Schema covers 100% of parameters with descriptions. The tool description adds minimal value beyond the schema, only reiterating that the target can be coordinates or an element. Baseline 3 is appropriate.

Input schemas describe structure but not intent. Descriptions should explain non-obvious parameter relationships and valid value ranges.

Purpose5/5

Does the description clearly state what the tool does and how it differs from similar tools?

The description clearly states the action ('simulate long-press'), the target ('at coordinates or on an element'), and the use case ('context menus or selection'), effectively distinguishing it from sibling tools like click_element or double_tap.

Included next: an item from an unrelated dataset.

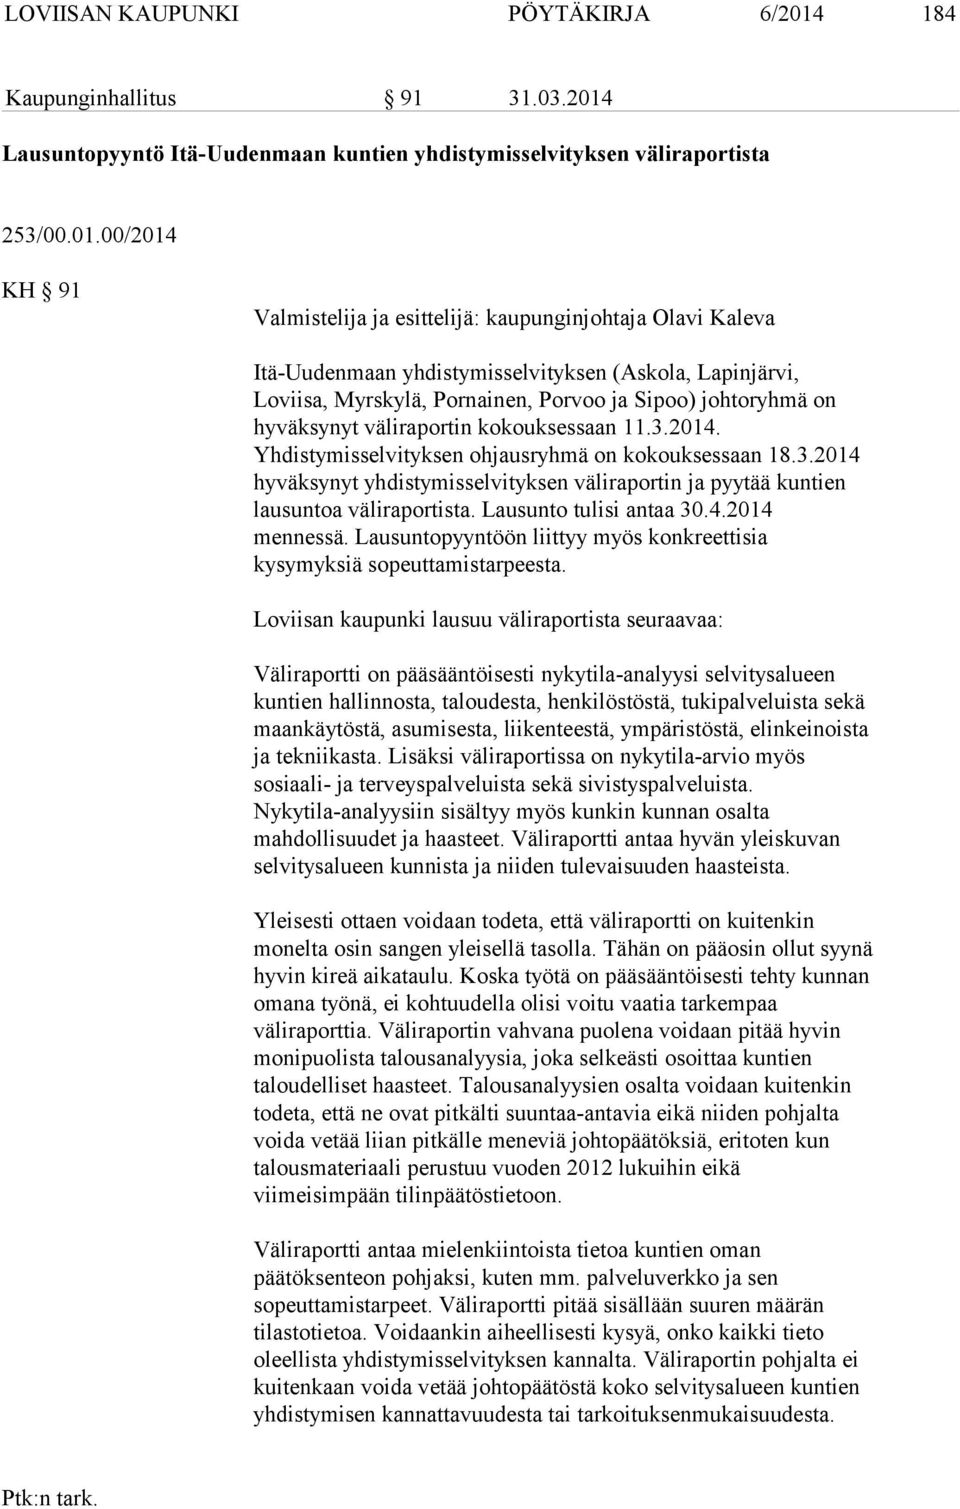 Lausuntopyyntö Itä-Uudenmaan kuntien yhdistymisselvityksen väliraportista 253/00.01.

Agents choose between tools based on descriptions. A clear purpose with a specific verb and resource helps agents select the right tool.

Usage Guidelines3/5

Does the description explain when to use this tool, when not to, or what alternatives exist?

The description mentions the use case ('context menus or selection') but does not explicitly contrast with alternative tools or provide when-not-to-use guidance, leaving usage context implied rather than explicit.

Agents often have multiple tools that could apply. Explicit usage guidance like "use X instead of Y when Z" prevents misuse.